File needed: Al7075.xlsx

(a) Import the load-length data in file “Al7075.xlsx” The header in the excel file should give you all the information you need. Plot the stress-strain data. Put the stress in units of MPa.

(b) Take the first couple of data points and determine the slope by fitting a straight line to the data. You may want to replot the first quarter or so of the original plot so that you can see how far the linear region extends.

(c) Add a line to your plot that starts at a strain of 0.002 and has the slope found previously. Plot this line so that it intersects the stress-strain data curve and read off the yield strength. You should only plot the first quarter or so of the original plot so that you can clearly see the yield point value.

(d) Add a horizontal line to your plot at the yield point value estimated above. Refine your estimate if your horizontal line does not pass correctly through the intersection point.

(e) Export your data to a new excel file with a name of your choosing.

3.7.3. Problem 2:#


Write a function that given the ionic radii for a simple ceramic compound (2 elements) returns the expected coordination number. The coordinaton numbers versus ratio of the radii can be found in Chapter 12, Table 12.2 on page 408 in Callister 10th ed. and is shown below.
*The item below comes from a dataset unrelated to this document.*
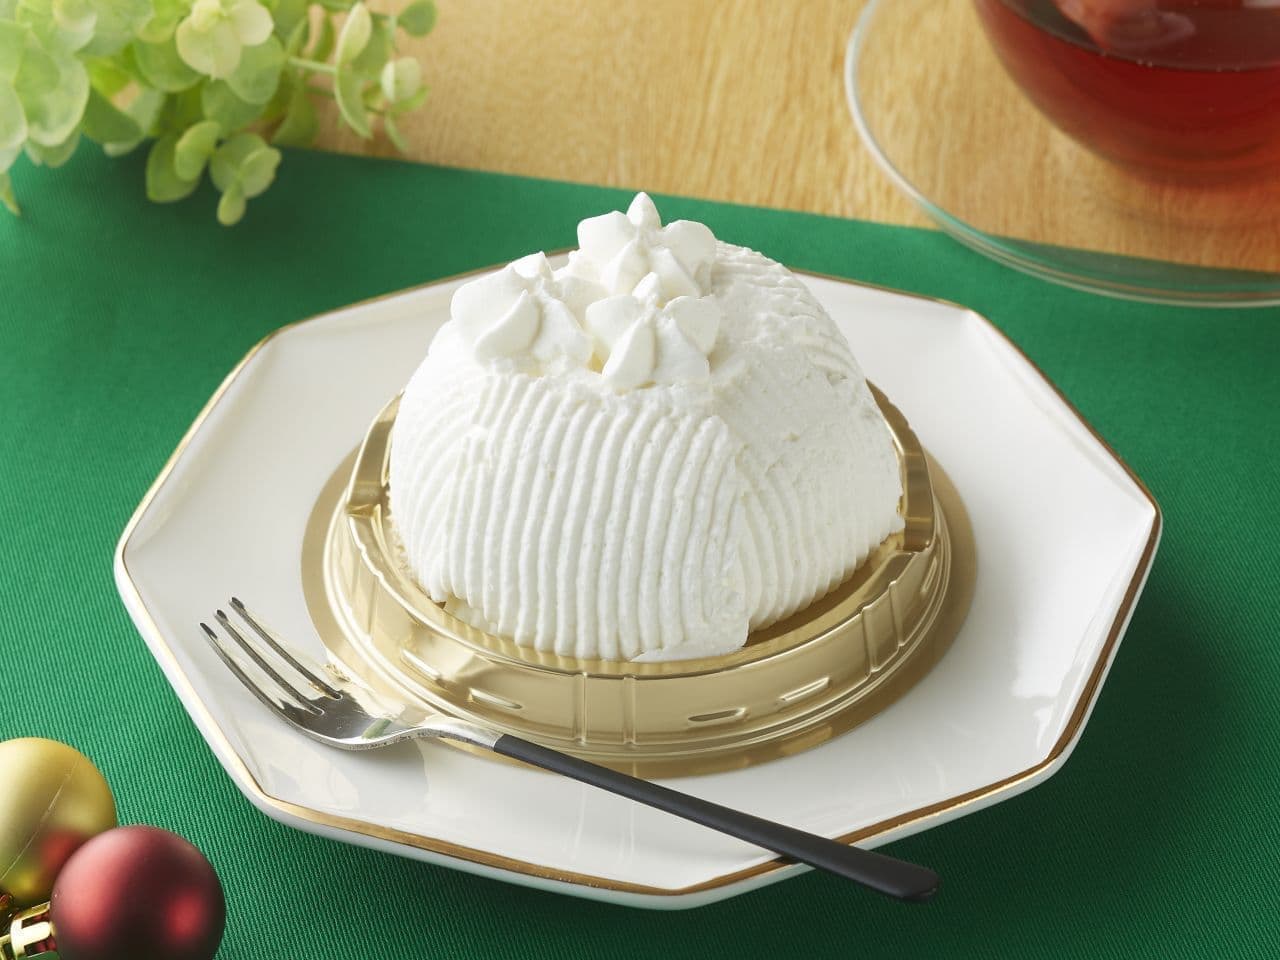 Ministop "Grand Around Chestnut Pure White Cake"

Your function should check if your ratio is greater than 1.0. If it is, then take the inverse of your ratio. You may want to consider the if elif else conditionals. Test your function by calculating the coordination number for NaCl. Remember to use the ionic radii not the atomic radii.
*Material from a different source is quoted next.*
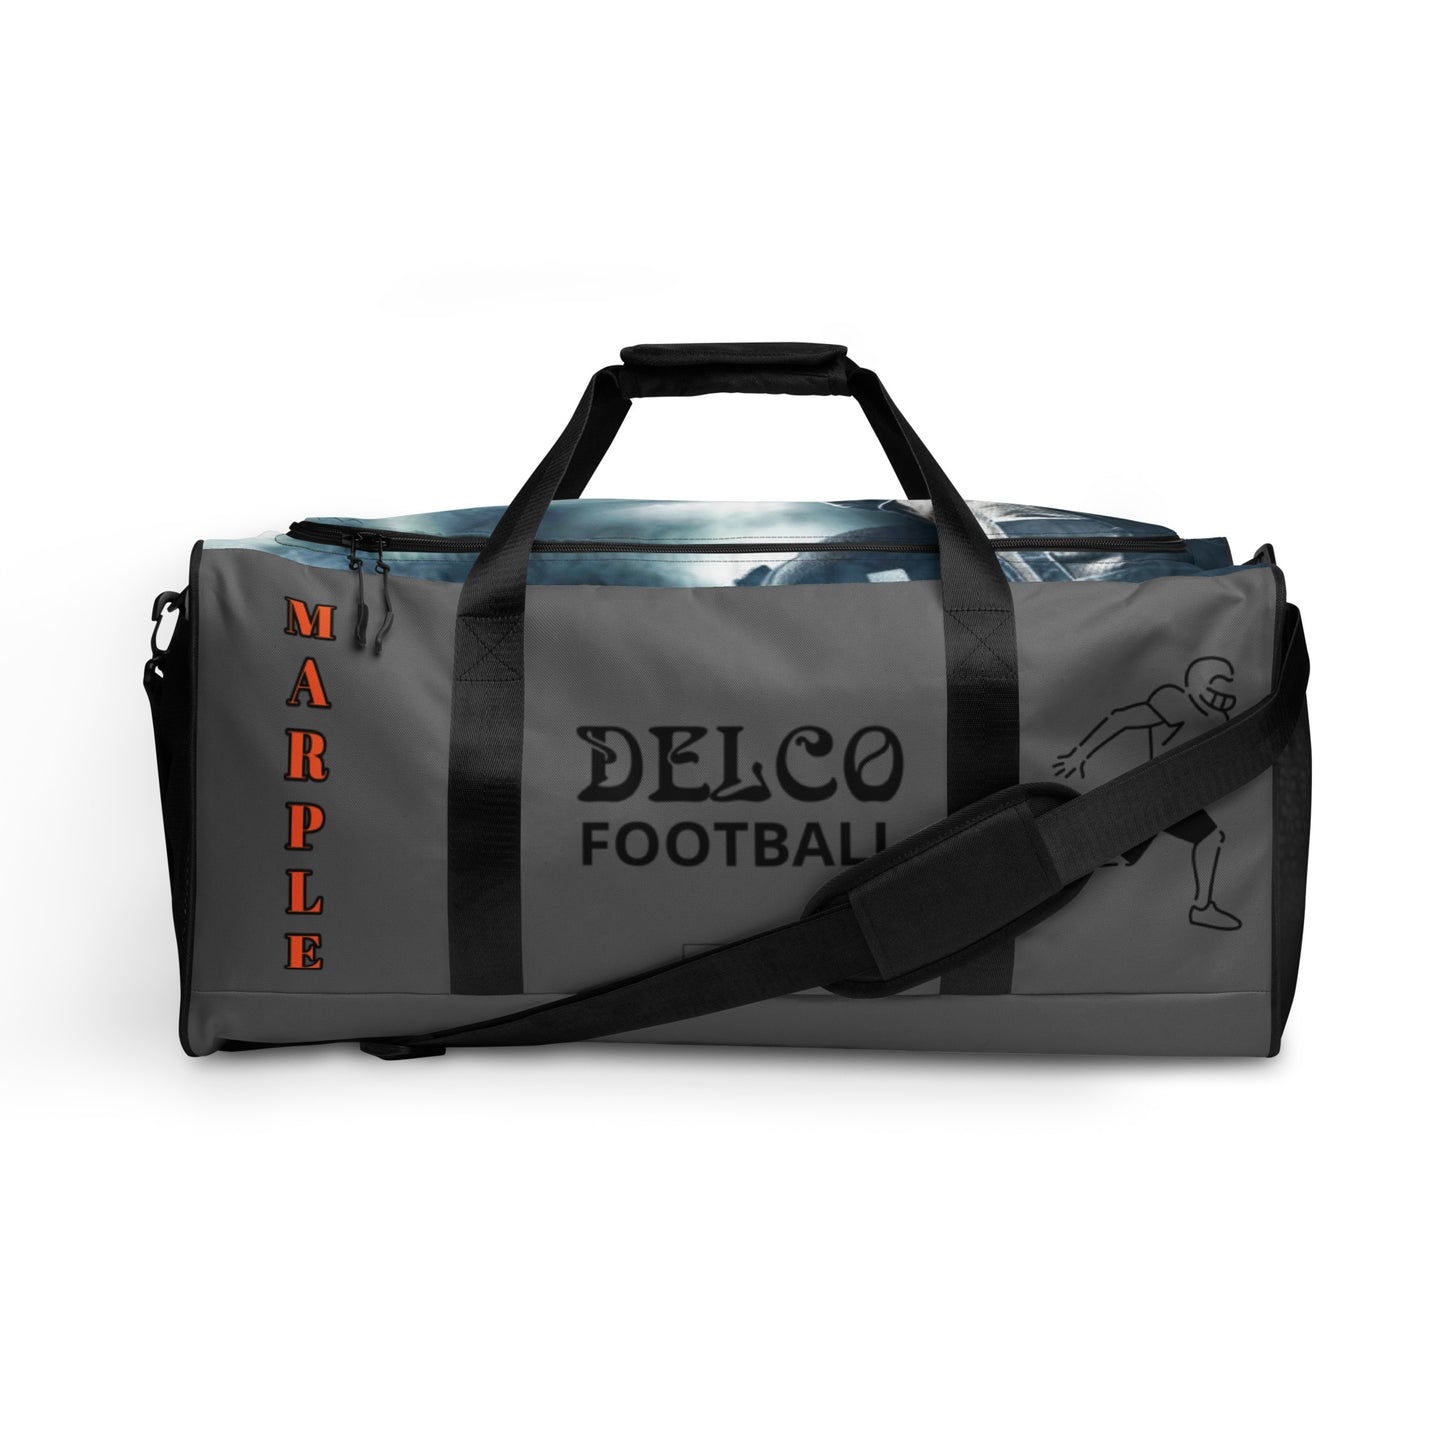 DELCO Marple 954 Duffle bag

../_images/Callister_Chap_12.png

3.7.4. Problem 3:#


Pick 1000 random points in a square of edge length 2 centered at (0,0). Determine how many of these points are contained in a circle of radius 1 centered at (0,0). Multiply the ratio of points in the circle to the total number of points by 4, i.e. \(4\times \frac{\text{pts in circle}}{\text{total num pts}}\). Try 10,000 points. What do you get?